Der erste Alleinflug bleibt den meisten Piloten wahrscheinlich als besonders emotionales Ereignis in Erinnerung. Die Aufregung vor dem Start, dann plötzlich die Erkenntnis, dass es auch ohne Fluglehrer geht, und schließlich das befreiende Glücksgefühl nach der ersten gelungenen Sololandung. Nach einer längeren Unterbrechung ist die Rückkehr ins Cockpit unter Umständen ebenfalls mit Anspannung und Nervosität verbunden. Um wieder auf einen guten Trainingsstand zu kommen, fliegt man üblicherweise zuerst einige Platzrunden mit Fluglehrer, bevor es dann wieder allein in die Luft geht. Eine Gefahr dabei: Eingeübte Handgriffe, die bei der Pilotenausbildung zu automatischen, reflexartigen Handlungen gefestigt wurden, sind nach einer langen Unterbrechung womöglich nicht mehr so präsent wie davor. Die Reaktionszeit kann allerdings in einer kritischen Situation entscheidend sein. Möglicherweise war es der Faktor Zeit, der einen UL-Piloten im baden-württembergischen Mittelfischach im April 2018 in lebensgefährliche Bedrängnis brachte.
Training ohne Probleme
Nach einer längeren Pause will der 66-Jährige wieder Routine im Cockpit bekommen und dafür mit einem Fluglehrer Platzrunden trainieren. Am Nachmittag des 24. April beschließen beide zunächst, das Flugtraining auf den Abend zu verlegen, da der Wind am frühen Nachmittag noch unangenehm böig ist.

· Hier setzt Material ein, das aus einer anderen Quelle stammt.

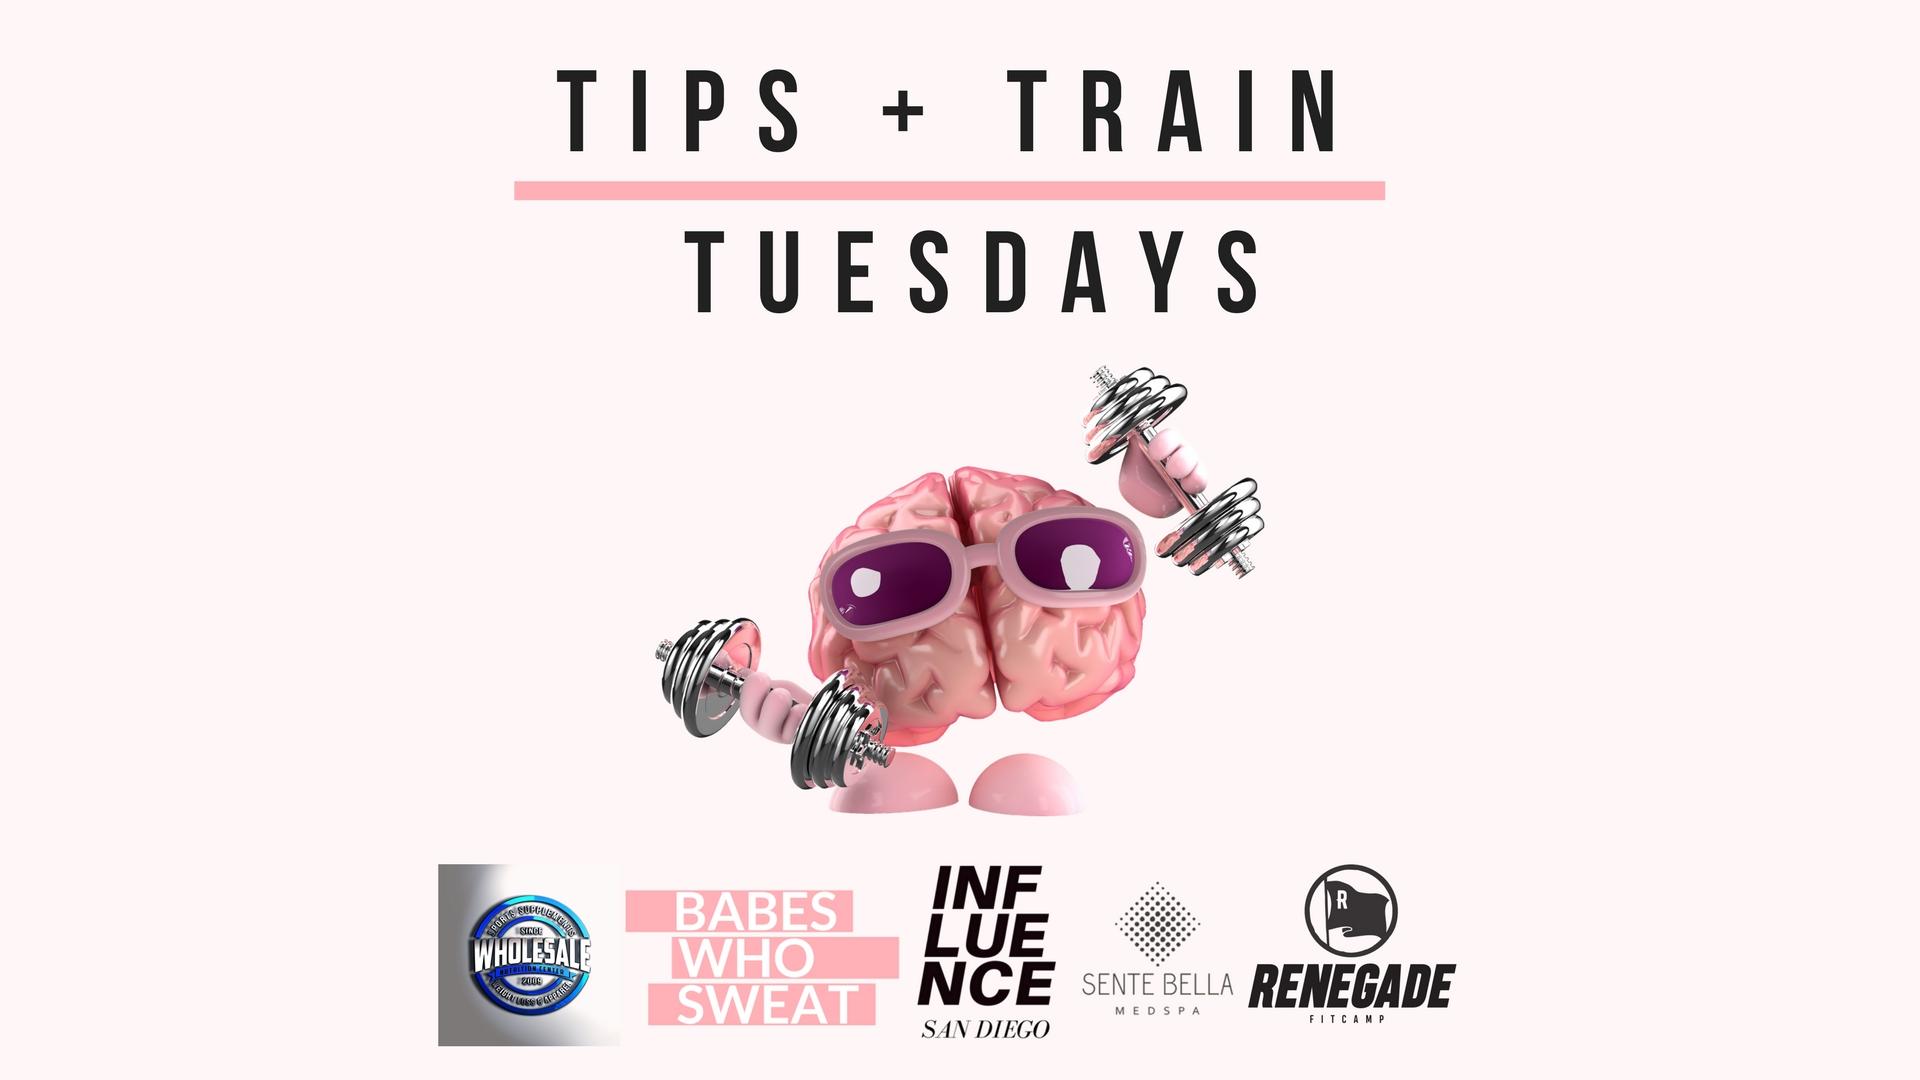 Tips N Train Tuesdays

Tatsächlich lassen die Böen im Laufe des Tages nach. Gegen Abend ist es dann nahezu windstill, als das Ultraleichtflugzeug vom Typ Skylane zum ersten Mal startet. Zusammen mit dem Fluglehrer dreht der UL-Pilot insgesamt sieben Platzrunden sowohl von der Piste 15 als auch in entgegengesetzter Richtung von der 33 aus. Dabei achtet der Fluglehrer besonders darauf, dass der 66-Jährige die in der Anflugkarte vorgegebene Platzrunde genau einhält. Der UL-Pilot steuert die Skylane bei den Übungsflügen ohne Probleme. Nach Angaben des Fluglehrers ist er dabei weder nervös noch zeigt er irgendwelche körperlichen Beeinträchtigungen. Um 19:36 Uhr gelingt auch die Abschlusslandung problemlos. Danach startet er zu einem abschließenden Soloflug. Dazu steht er per Funk mit dem Fluglehrer in Verbindung.

Der letzte Start
Um 19:45 Uhr steht die Skylane auf der Schwelle 15, der Pilot setzt die Klappen auf Stufe eins und beschleunigt. Der Startlauf ist unauffällig. Nach 150 Metern hebt das UL ab und geht in einen flachen Steigflug. Plötzlich wird aus diesem moderaten Anfangssteigflug aber ein steiler 70-Grad-Anstieg. Der Fluglehrer reagiert sofort und gibt über Funk die Anweisung: „Nachdrücken!“ Der UL-Pilot reagiert darauf jedoch nicht. Dann kippt die Skylane aus einer Höhe von etwa 60 Metern nach vorn und rollt gleichzeitig nach links. Der Fluglehrer versucht erneut einzugreifen und ruft ins Funkgerät: „Rechtes Seitenruder!“ Doch vermutlich ist es zu diesem Zeitpunkt bereits zu spät. Dann dreht die Skylane in die andere Richtung und kracht Augenblicke später in leichter Rückenlage etwa 450 Meter vor der Schwelle der Piste 33 auf eine Wiese. Dabei fängt das UL Feuer. Die beherzte Brandbekämpfung des Fluglehrers, der als Erster den Unfallort erreicht, ist vergebens. Der Pilot überlebt den harten Aufschlag nicht, das Ultraleichtflugzeug brennt völlig aus.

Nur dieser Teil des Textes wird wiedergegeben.